Bei Paulus würde nun kaum jemand einen Rat zu tolerantem Miteinander erwarten. Doch der Apostel überrascht. Die römische Gemeinde, an die er schreibt, hat sich über der Frage Fleisch essen oder nicht zerstritten. Auch beim Halten von Feiertagen ist man uneins. Es geht also um den christlichen Lebensstil. So wie wir etwa fragen, ob Glauben und Autofahren zusammenpassen. Gestritten wird, weil hinter dem Lebensstil ein weit höheres Ziel steht. Die römischen Christen wollen gottgefällig sein – wir wollen das Klima retten. Beide Male geht es um Leben und Tod und deshalb um eine letzte Wahrheit, oder?
Paulus spricht von Meinungen und bricht damit dem Zwist die Spitze ab. Eine Meinung ist nur eine persönliche Ansicht und keine letzte Wahrheit. Paulus holt den Streit auf den Boden zurück. Und plötzlich finden sich alle auf gleicher Höhe wieder, weil jeder mit seiner Meinung vor Gott bestehen muss. Er ist der Richter und niemand kennt sein Urteil. Solange also niemand für sich selbst lebt oder stirbt, sondern mit seinem Lebensstil Gott Ehre machen will, soll das jeder tolerieren und keinen Streit anzetteln.

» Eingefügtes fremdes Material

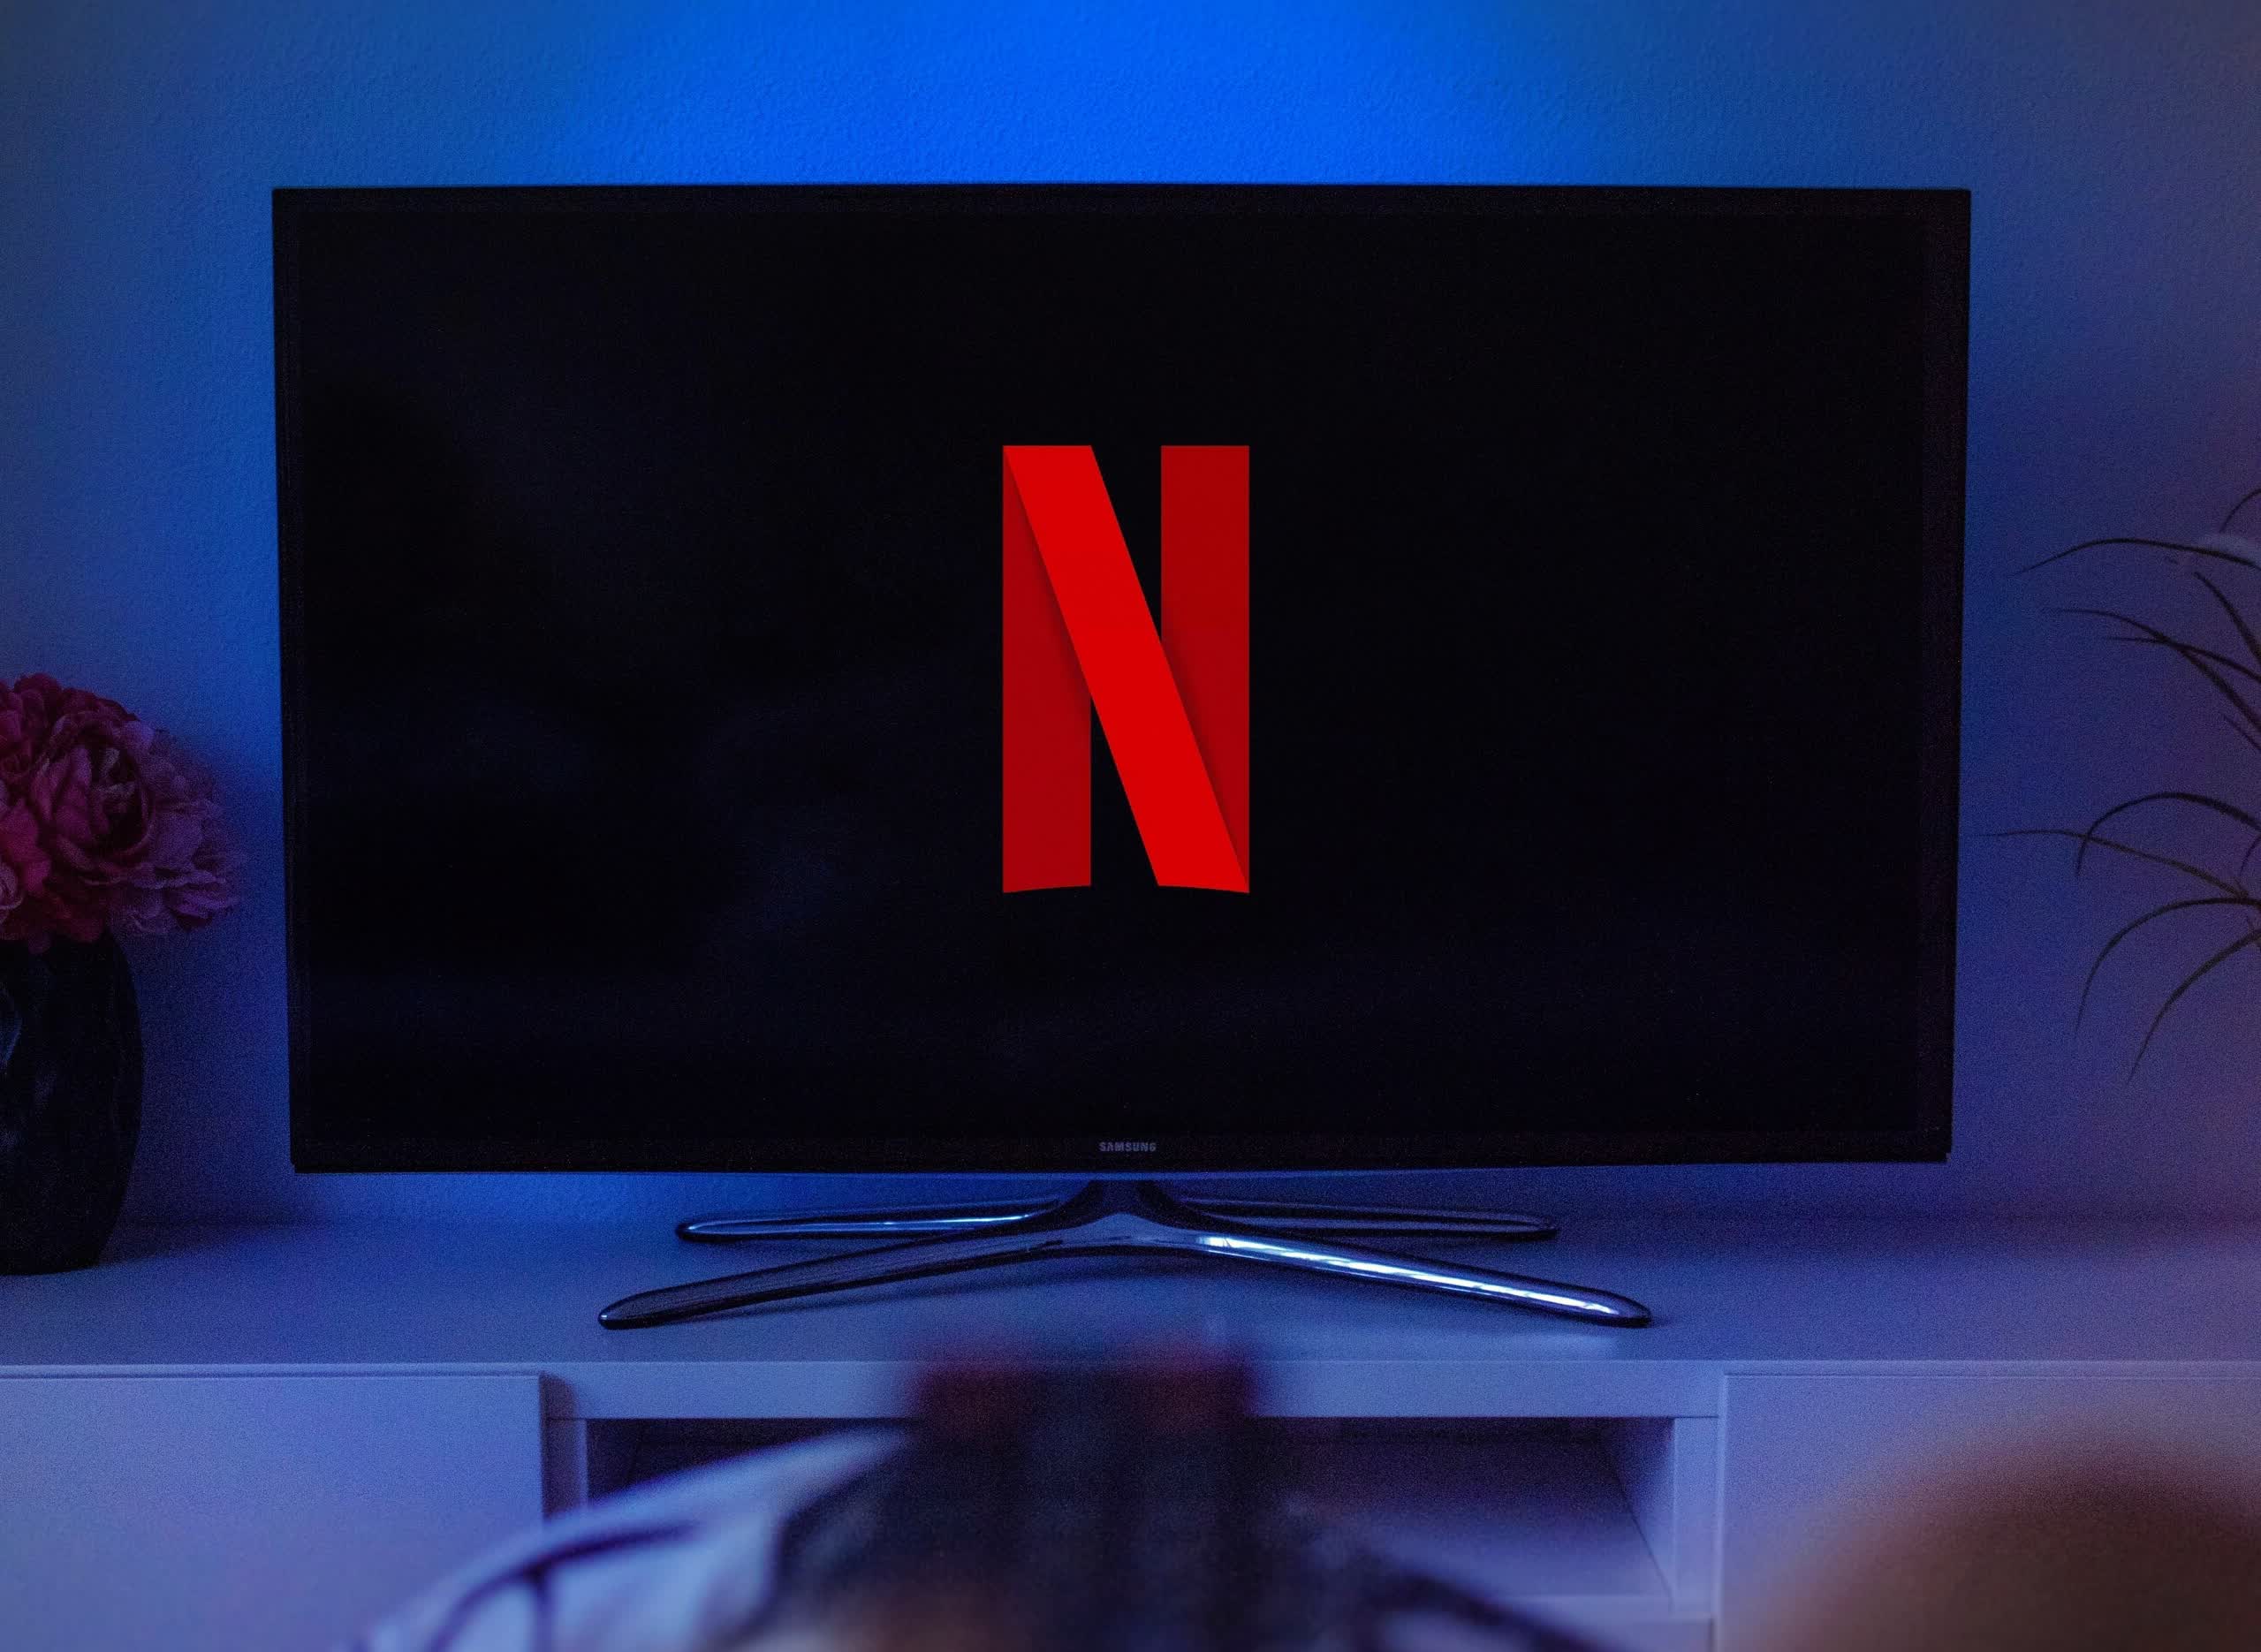 Netflix to block devices that don't log in monthly, more premium perks added

Paulus‘ Gedanken zu mehr Frieden und Toleranz sind eine enorme Herausforderung. Von wem oder wofür lässt sich der emanzipierte Mensch das Richtschwert aus der Hand nehmen? Und auch in der Kirche unterscheiden wir nicht immer glücklich zwischen Wahrheit und Meinung. Doch keine Meinung zur Wahrheit stilisieren und Gott richten lassen sind wichtige Friedensschritte.
Jutta Holzheuer, Dekanin in Rothenburg ob der Tauber
Gebet: Guter Gott, lehre mich, dass ich nicht das Maß der Dinge bin. Schenke mir Achtung vor meinen Nächsten und ihren Wegen dich zu ehren. Und lass sie mich meinen Weg gehen. Das bitte ich im Namen Jesu. Amen.